### TASK DETAILS
A verbatim copy of the data is wanted, minus any picture in it.

### DATA EXCERPT

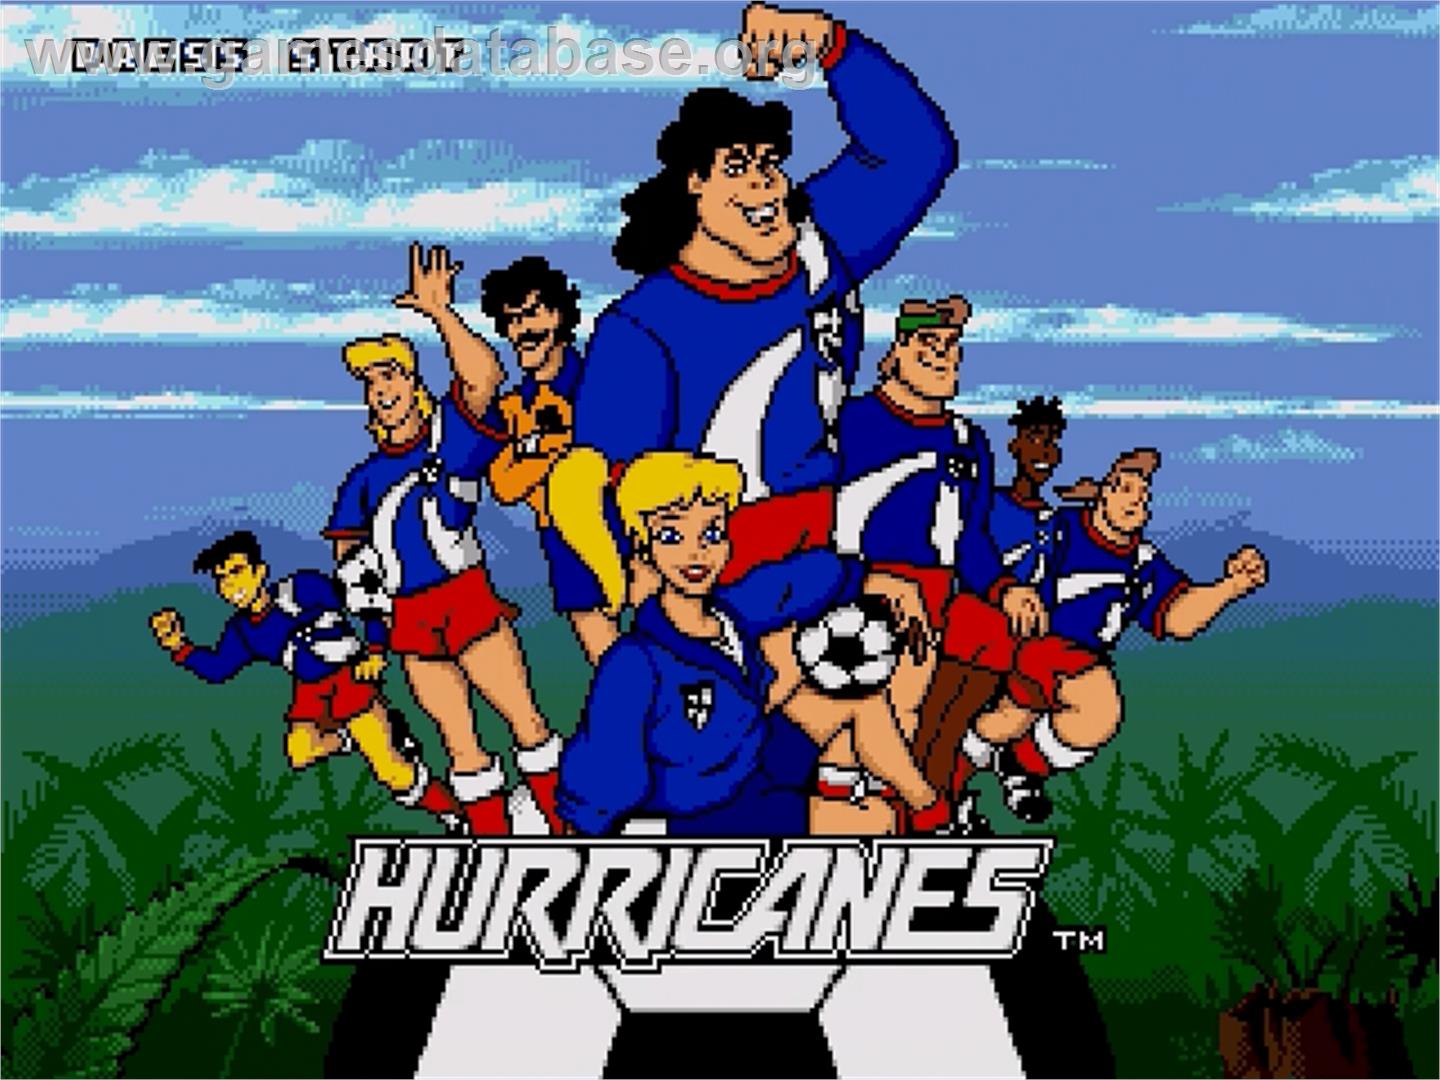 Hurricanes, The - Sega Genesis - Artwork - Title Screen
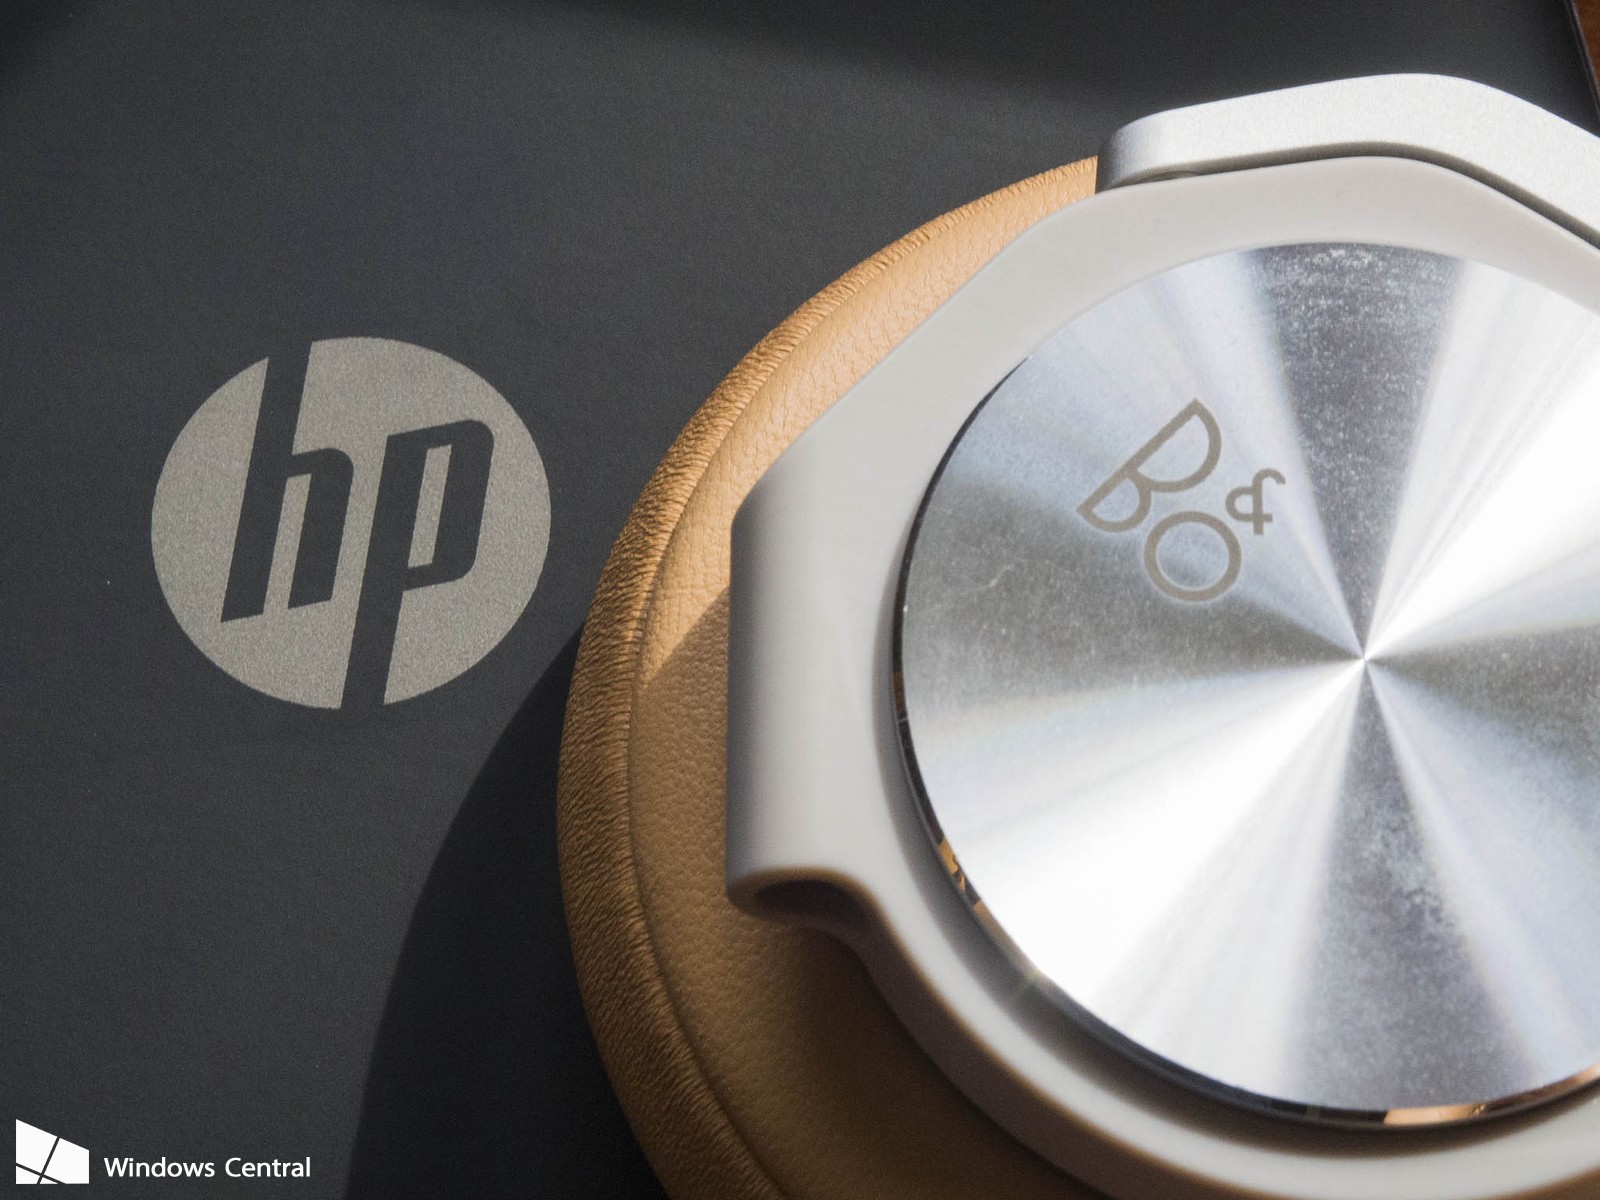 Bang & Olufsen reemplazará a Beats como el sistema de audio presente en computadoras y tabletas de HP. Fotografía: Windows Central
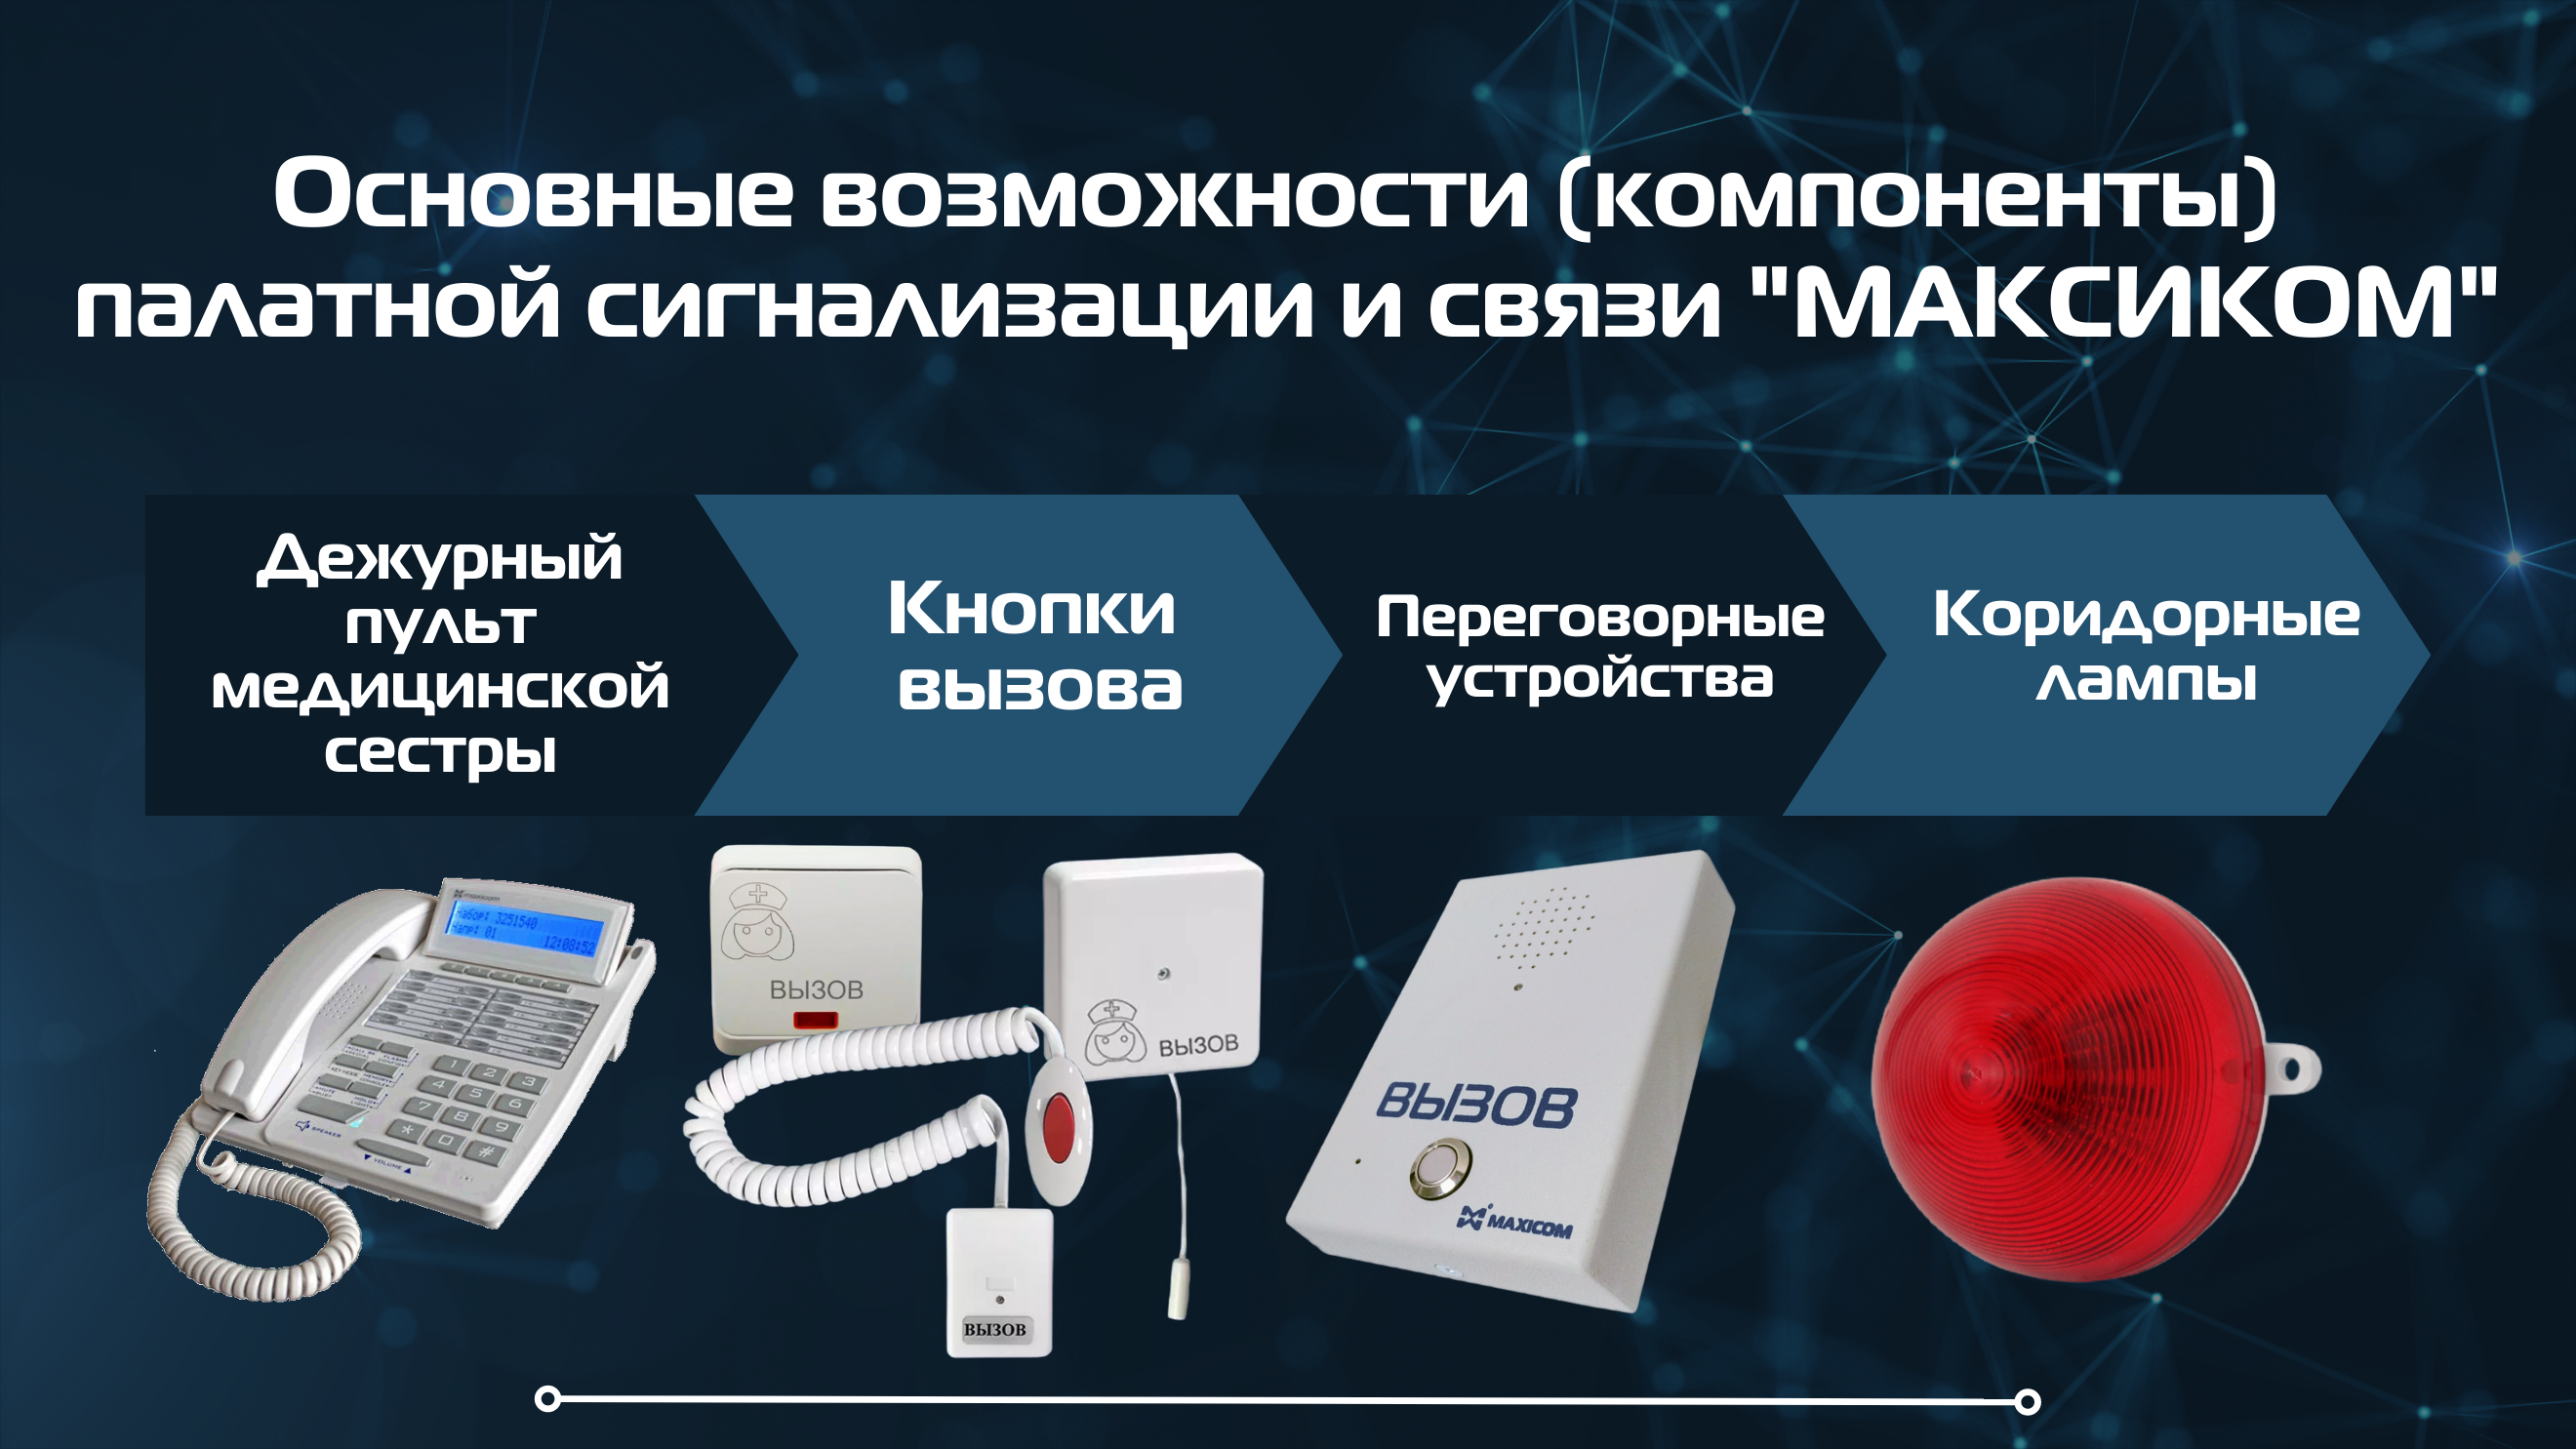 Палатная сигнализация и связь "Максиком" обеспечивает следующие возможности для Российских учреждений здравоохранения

### REPLY
 Hurricanes, The - Sega Genesis - Artwork - Title Screen
 Bang & Olufsen reemplazará a Beats como el sistema de audio presente en computadoras y tabletas de HP. Fotografía: Windows Central
 Палатная сигнализация и связь "Максиком" обеспечивает следующие возможности для Российских учреждений здравоохранения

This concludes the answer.